Specific Aims Page- Behold Your Reviewer!
November 17. 2020
By ScienceDocs Academic and SBIR Grant Writer Dr. Lubman
As you navigate NIH’s grant submission system, you will quickly realize that your proposal’s fate lies in the hands of three reviewers assigned to your application by the specific institute, for the expertise they have to evaluate your grant. The roster of participants in your study section is public knowledge and should be available to you once your application moves to the specific NIH institute. Although you won’t know the names of people that reviewed your grant, you should go through that roster and try to take an educated guess who is the closest in scope to your scientific field.
Each reviewer gets on average 6 to 10 applications per NIH submission cycle. One of the three reviewers, designated as the primary reviewer, is tasked with presenting their assignment to the rest of the study section. In general, the NIH study section members are academic scientists with full-time jobs and little time allocated to reviewing grants. In scanning through their workload, the first page they come across is the Specific Aims page. Hence, the initial subconscious decision about potentially funding your proposal comes after reading this very first page of your application.
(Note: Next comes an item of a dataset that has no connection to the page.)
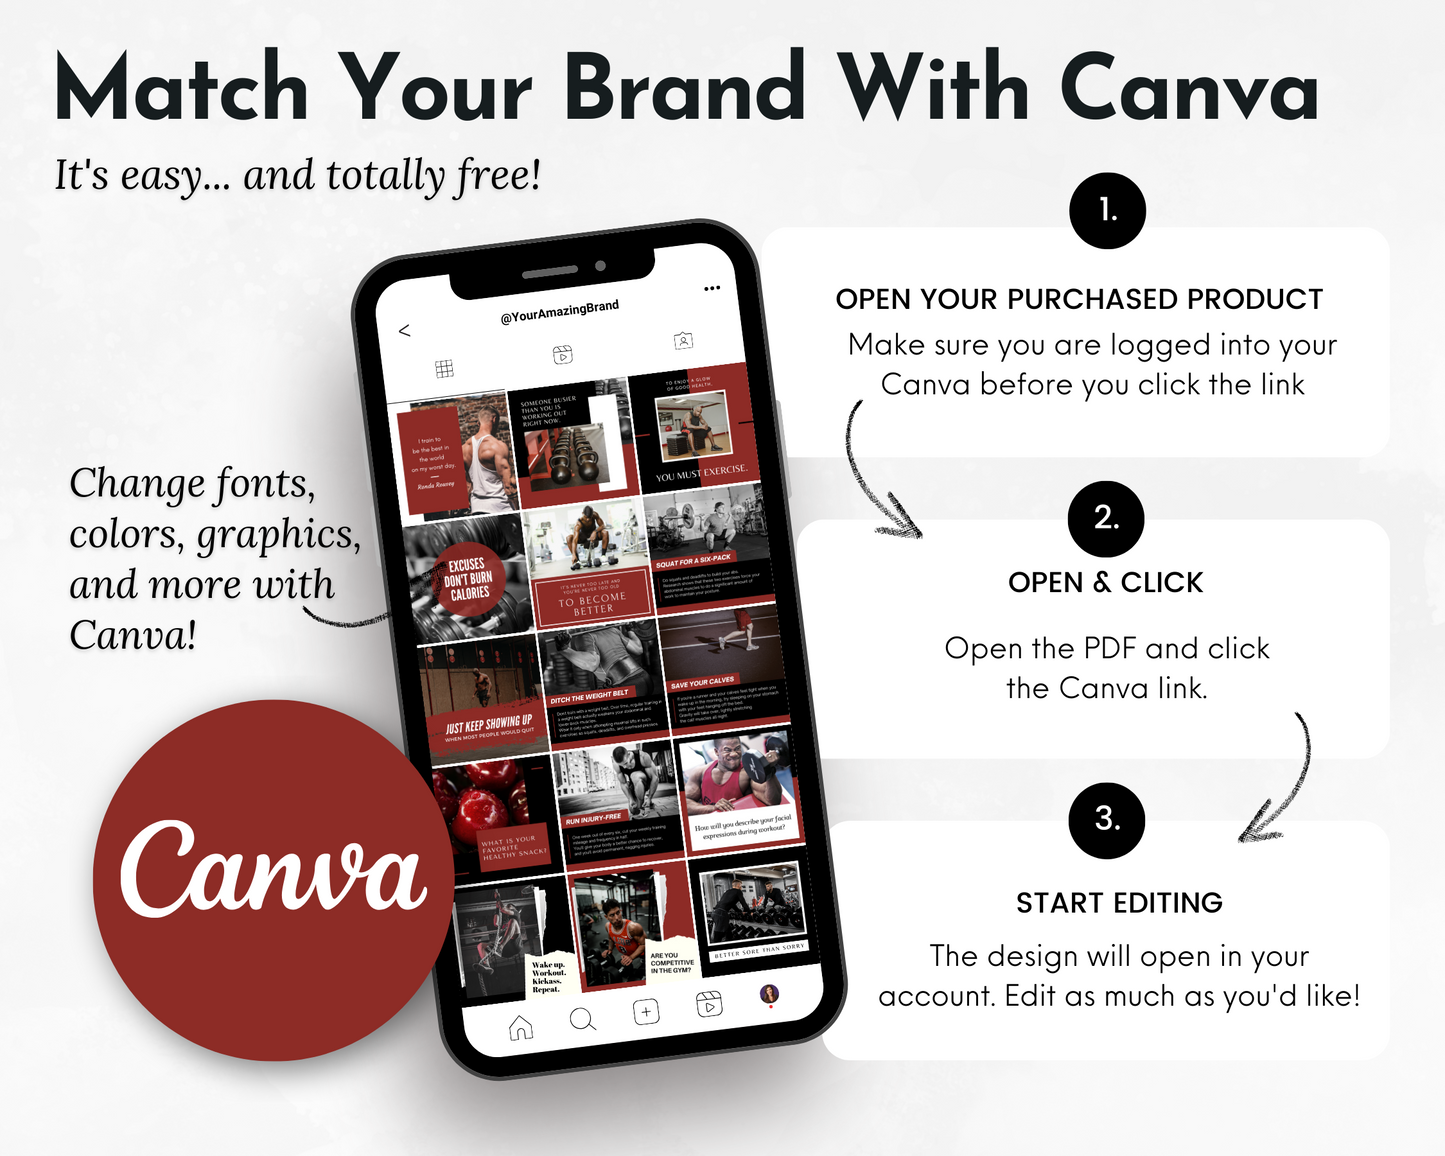 Match your brand with Socially Inclined canvas featuring Men's Fitness social media content and promoting a healthy lifestyle.

The Specific Aims page should be written as a stand-alone executive summary of your invention, therapeutic application, and commercialization steps. For example, a competitive Specific Aims page for SBIR Phase I and II fast track application in a broad category of biologics (antibodies, vaccines, modified recombinant proteins, oncolytic viruses, mRNA, etc.) can have the following flow:
- In the introductory paragraph, clearly state your project’s goal and explain the gap it fills in the context of unmet medical needs. Spend 2 to 3 sentences introducing the significance of the proposed work and put it in a broader perspective of your research area. The first paragraph’s punchline should articulate how your project, if funded and completed, will further the scientific enterprise and benefit society.
- In the second paragraph, summarize your invention in terms of technology, innovation, and commercialization potential. Introduce scientific concepts in lay terms and present preliminary data that support the efficacy of your technology/biologic in a disease-relevant animal model. Use a diagram or other graphic media to illustrate concepts and make them easy to comprehend. Transition to the third paragraph by stating why you are asking for funding and how it will help move forward with your biologic commercialization.
- Start the third paragraph with the hypothesis to be tested in the proposed specific aims. Each aim should have its own bolded title sentence that clearly states its objective. Use the next 2-3 sentences to describe methodology, resources, and expertise to ensure the successful execution of each of the aims you propose. Outline a well-defined criterion for measuring the experimental success of each specific aim. Demonstrate to the reviewers that the team you put together is the best for the job. Traditionally, SBIR grants have 2 to 3 specific aims that are independent of one another and use different but complementary experimental techniques to confirm and extend findings.
- The last paragraph of the specific aims should address the project’s feasibility, considering the budget and time to complete the work. It’s essential to present a balanced, financially sound, and realistic assessment of your costs and deliverables. Your overall approach should demonstrate the maturity and foresight that reviewers look for in assessing your grant application’s strength. A short timeline or a table with well-defined milestones for success can be a great ending to a competitive specific aims page.
I urge you to think about every sentence of the Specific Aims page. It is the “first impression” reviewers get about your grant proposal. Subconsciously, their decision to fund your science is made after reading this first page of the application. Within biologics, patent protection and exclusivity of the potential product must also be articulated somewhere on the Specific Aims page. A well-written summary is not only the skeleton of your application but also a master document you come back to time and again as you are writing out other sections of the grant.